● Task objective: Look for the line containing "FHA mortgage lenders in houston" and the line containing "Czechia will train" in the entries below. Copy those two and all lines between them exactly, leaving out pictures.

● Given information:
=== Section Start ===
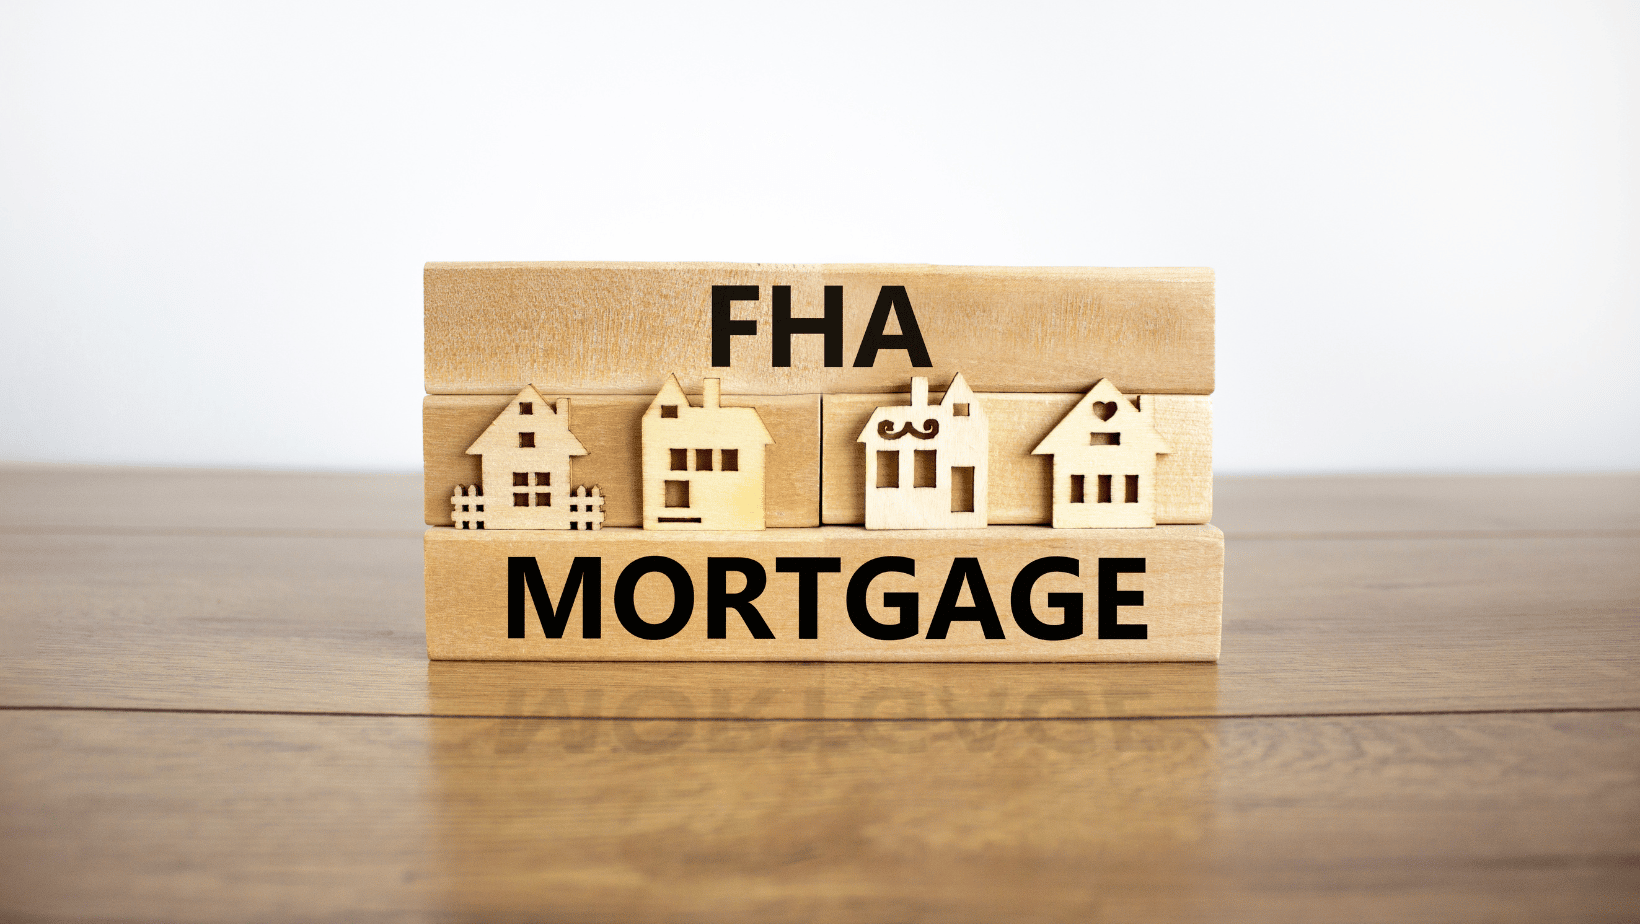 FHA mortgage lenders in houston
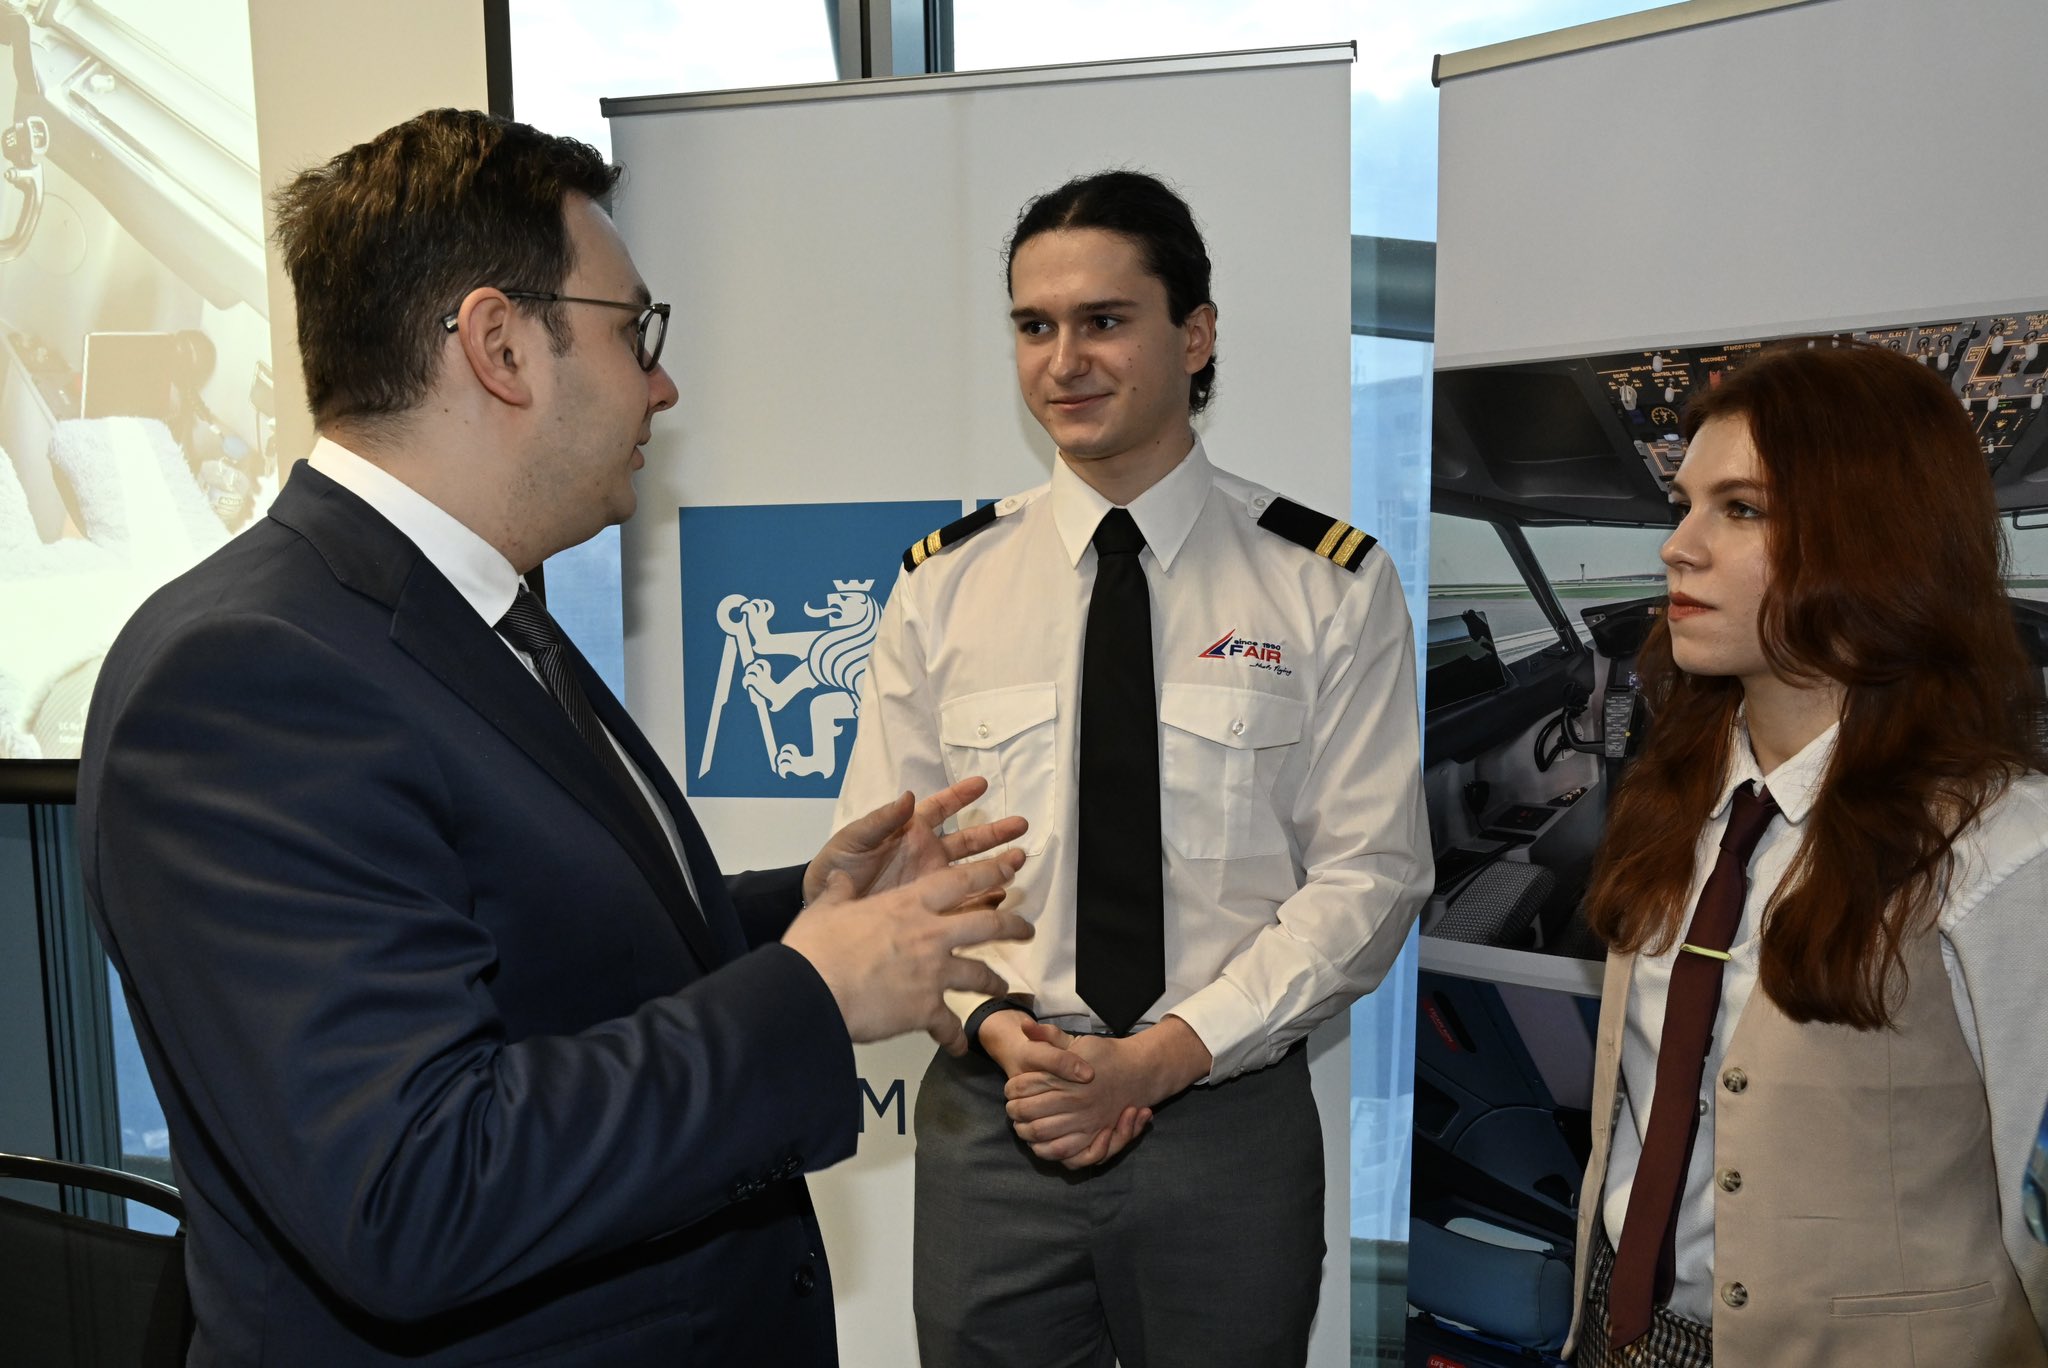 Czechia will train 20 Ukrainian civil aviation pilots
=== Section End ===
=== Section Start ===
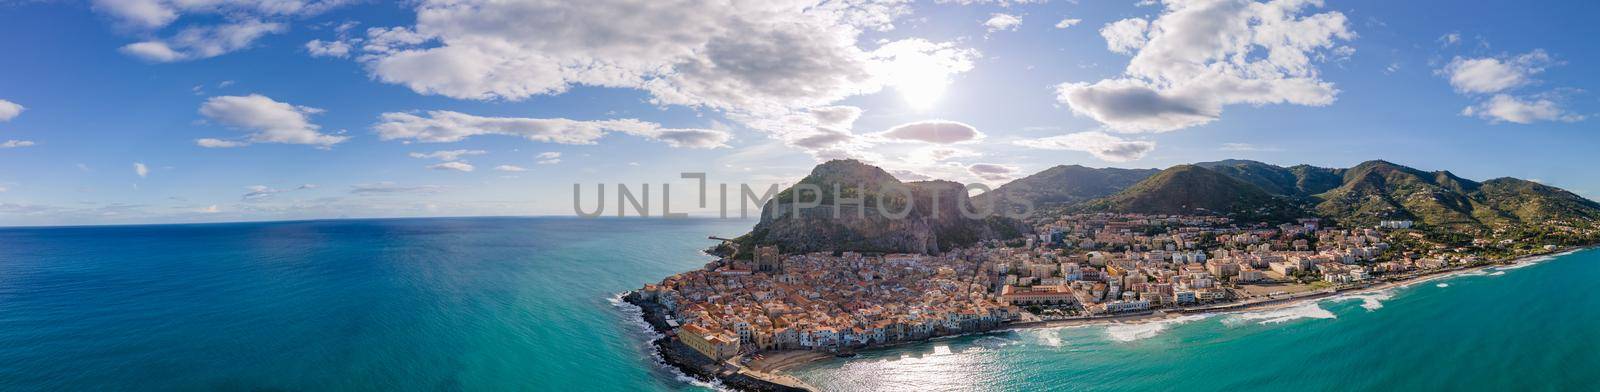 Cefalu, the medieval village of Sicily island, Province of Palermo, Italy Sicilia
=== Section End ===
● Answer for the task:
 FHA mortgage lenders in houston
 Czechia will train 20 Ukrainian civil aviation pilots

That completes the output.